How long does it take to write a book?
It really depends on the book. I wrote the first draft of Forgotten in under two months, while others have taken a year or more.
How did you get published?
The stars aligned. I wrote a book, Forgotten, then queried my first choice agent, who wrote back quickly wanting to read it. With my agent’s help, it went to auction, and sold in a two-book deal. I was very lucky. But before you scowl at me, I’ll just add that my journey through the world of publishing since has definitely not been without its potholes. (Still, I’d never trade it!)
What’s the best part about being a writer?
The act of writing is the best part. I doubt I’m alone when I say that writing is like air or food: It’s a basic need. I start to feel twitchy when I don’t write anything. I love holing up in my office and diving deep into a character’s world, discovering him or her and sharing that discovery with others.
The second best part is the readers themselves. I had no idea how much joy it would give me to hear that I improved someone’s afternoon, week, or life with my words, but it’s a truly amazing feeling.
What’s the hardest part about being a writer?
Writing is a very personal thing. Done alone, hobbit style, you pretty much crack open your soul and try to describe it to strangers, and then hope they think it’s pretty. It’s a challenge to ward off doubt—to stay confident that someone WILL LIKE THIS BOOK. Related, it’s hard to hear negative reviews. But when you become a writer, they give you this salve to help you grow thick skin, so that helps.

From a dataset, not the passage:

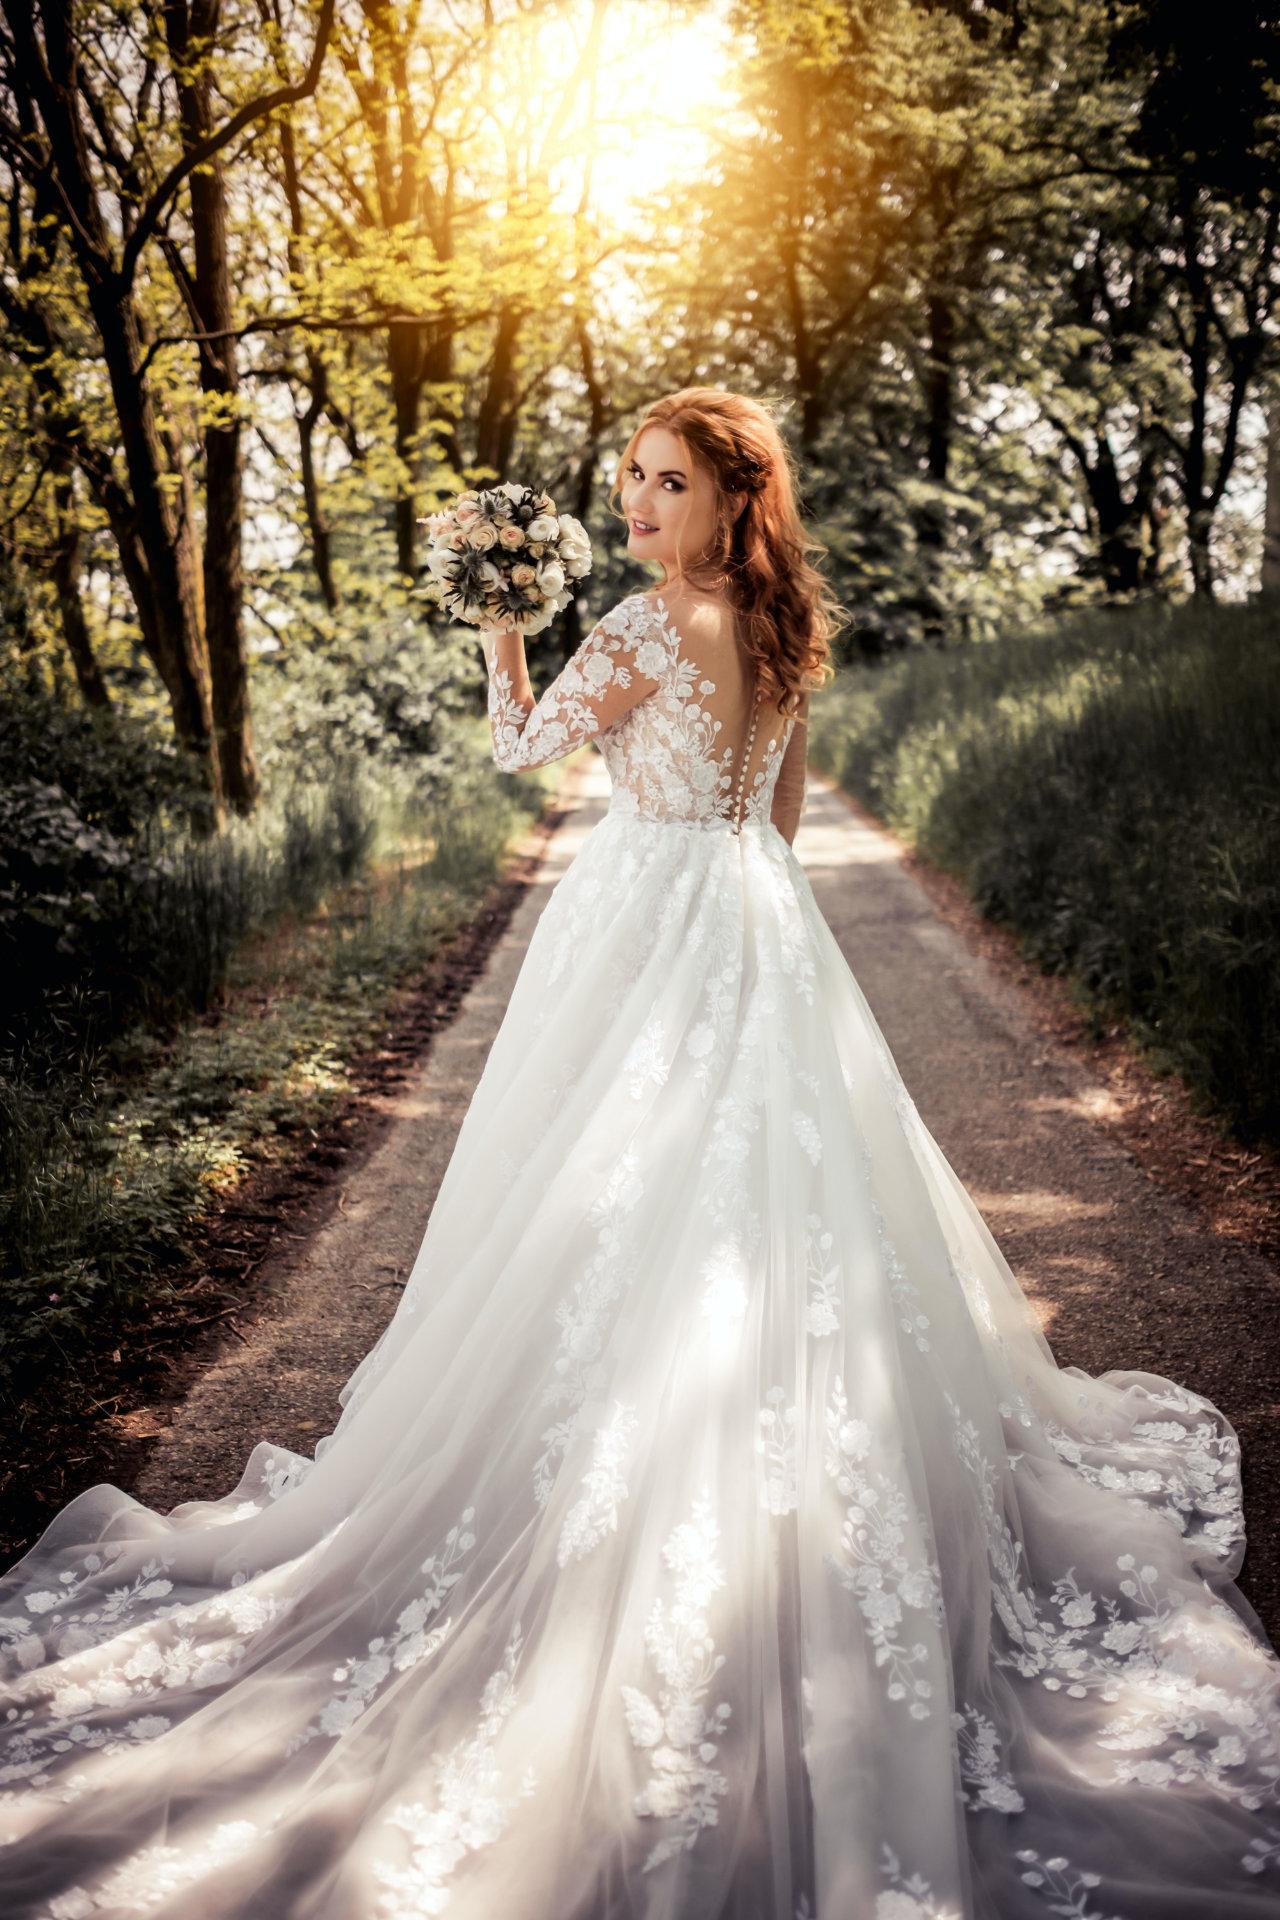 Model i brudekjole i skogen

When and where do you write?
My favorite place to write is in my office, which is light gray with white and red furniture and mustard yellow accents, and has a wall of built-in bookshelves. My favorite time of day to write is in the early morning, when everyone else is still asleep. I’m definitely not a night writer. Or Knight Rider. But I do like the band Night Ranger.

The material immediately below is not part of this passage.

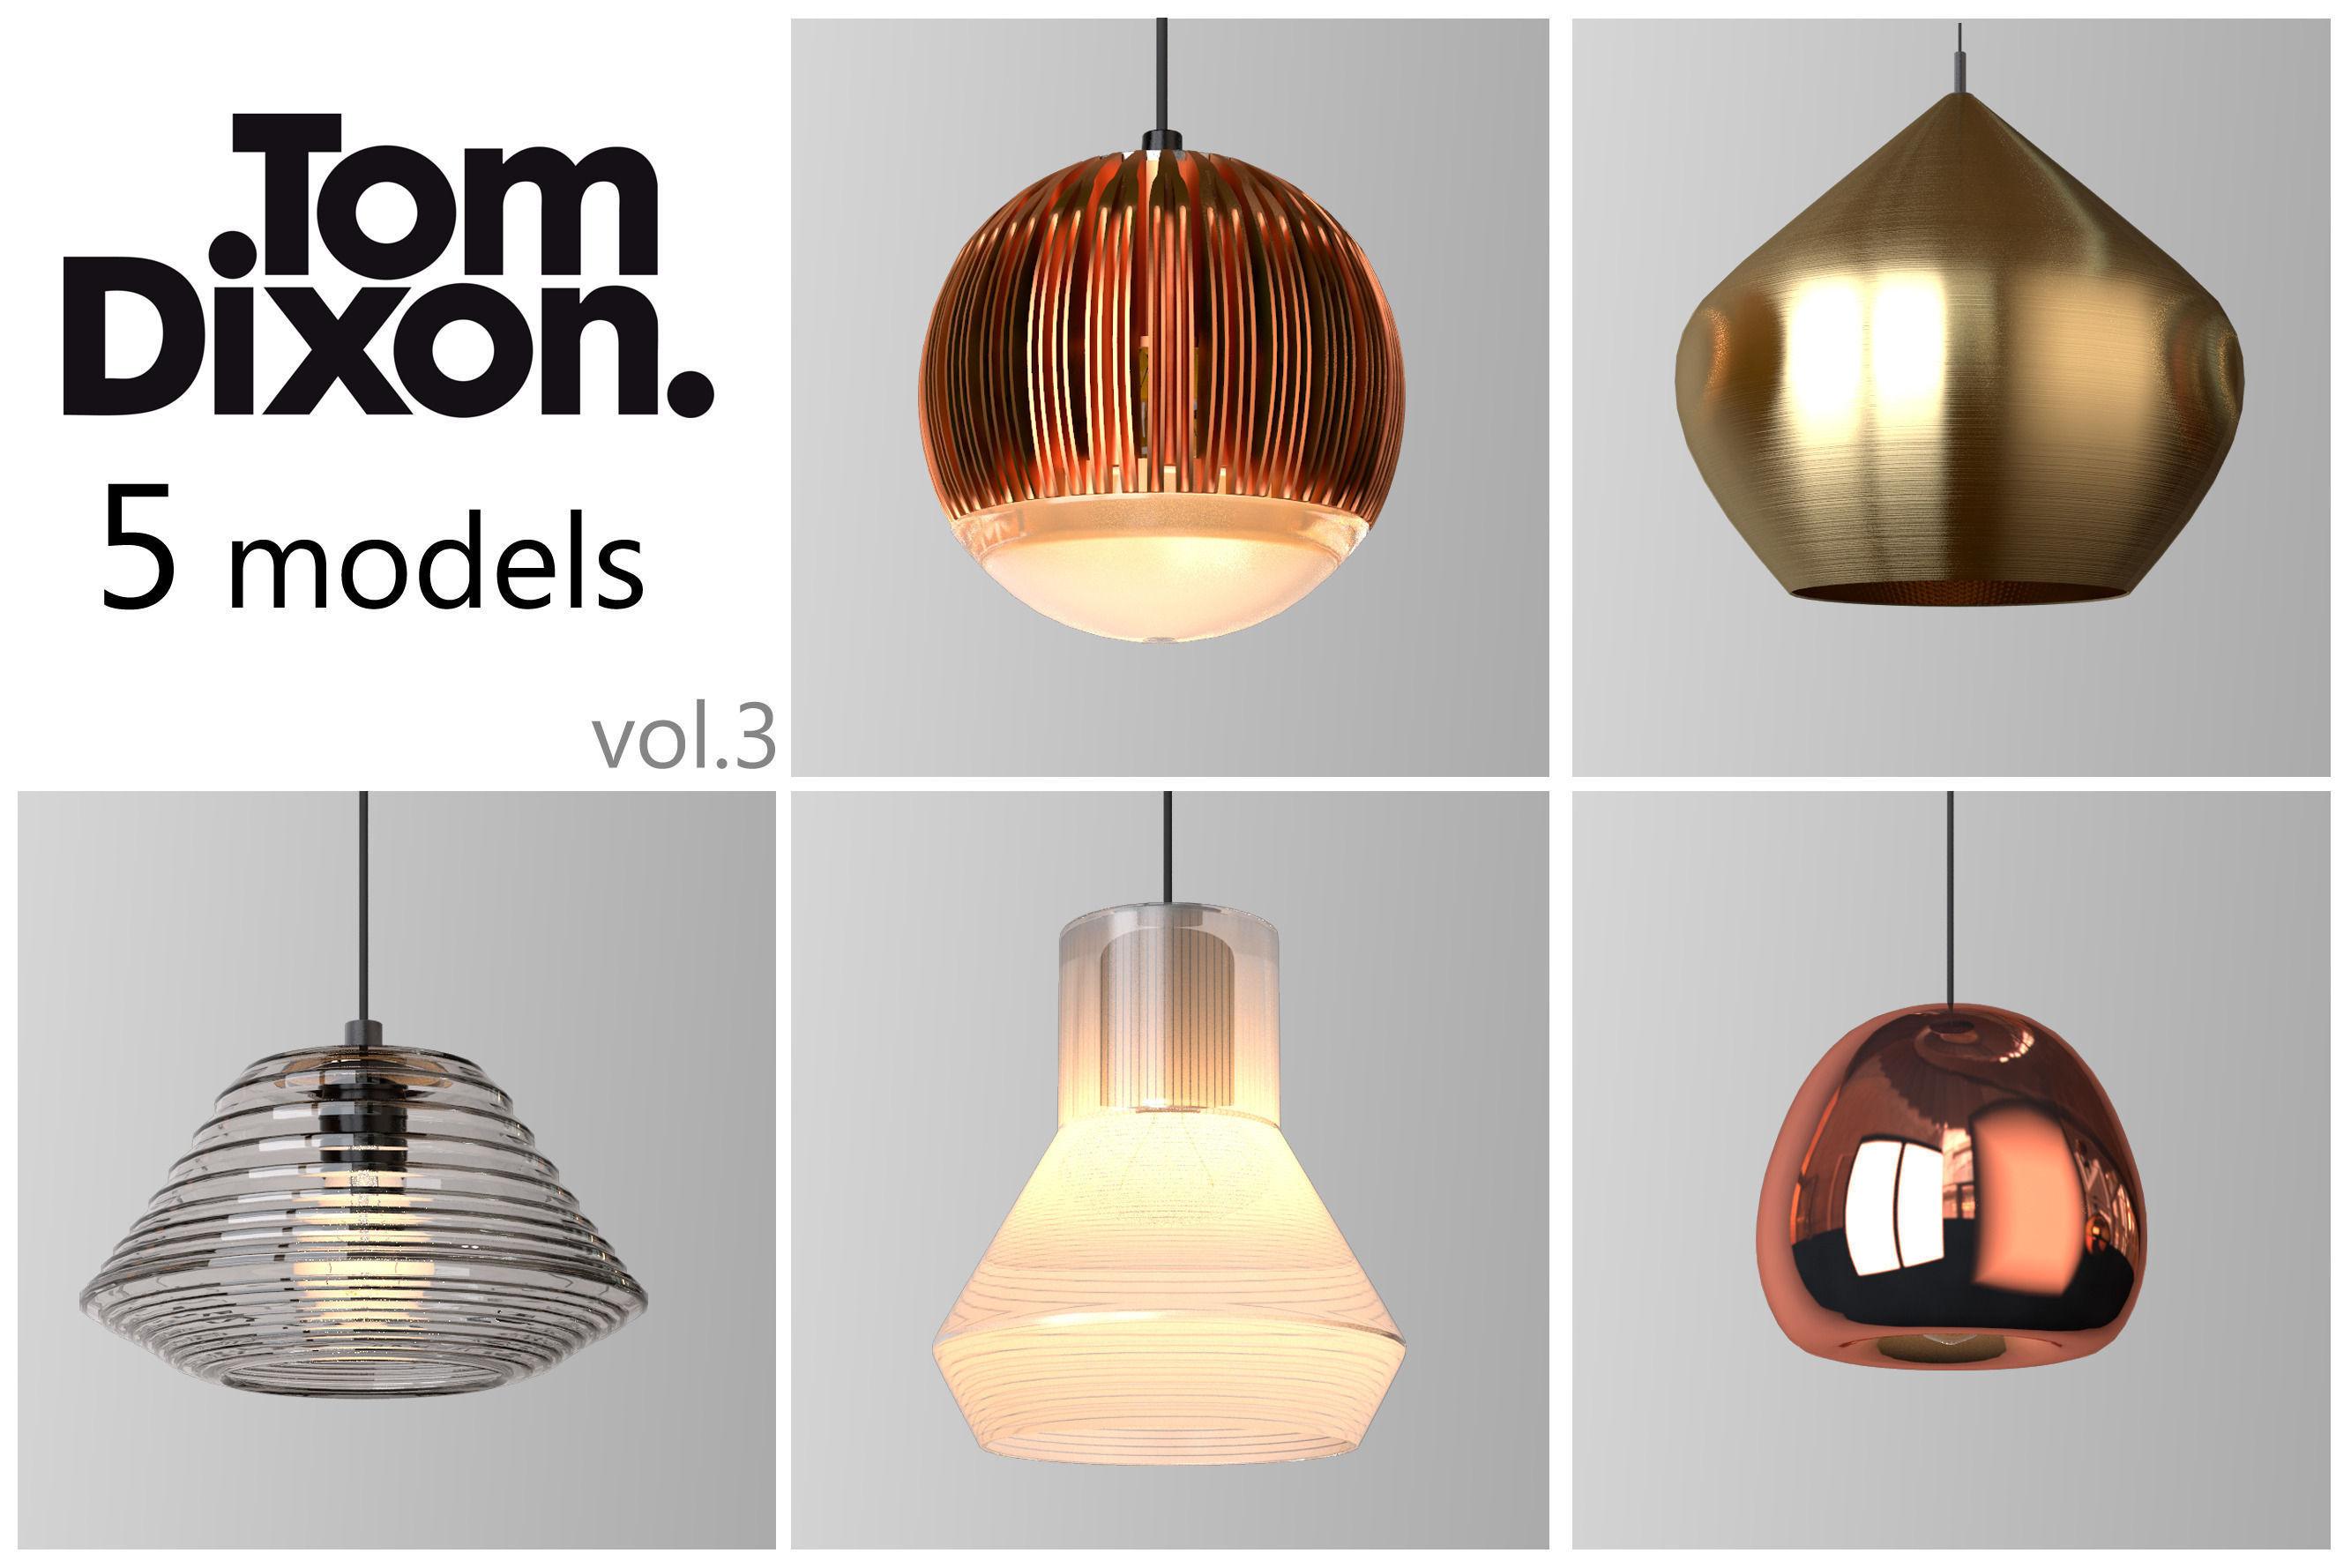 tom dixon lighting sale best home design 2018. Black Bedroom Furniture Sets. Home Design Ideas

What is your favorite book?
Ah, the impossible question. Well…
In high school, I loved Fahrenheit 451 by Ray Bradbury. Lamb by Christopher Moore tickles my funny bone. Daughter of Smoke and Bone by Laini Taylor makes me want to up my game. The Scorpio Races by Maggie Stiefvater is lyrical and lovely. The Passage by Justin Cronin and World War Z by Max Brooks sucked me in, scared the crap out of me, and spit me back out. I was charmed by the geekery of Patrick Rothfuss’ Kingkiller Chronicles. I devoured Holly Black’s Curse Worker series, and was captivated by Neil Gaiman’s Stardust and Graveyard Book. Jay Asher’s Thirteen Reasons Why is something every teen should read.
I guess if I had to choose one, though, it’d be The Book Thief by Markus Zusak. Narrated by Death, the story is about a young girl’s life in Nazi Germany. It’s beautiful and surprisingly hopeful despite the very heavy content. It’s my number one most recommended book.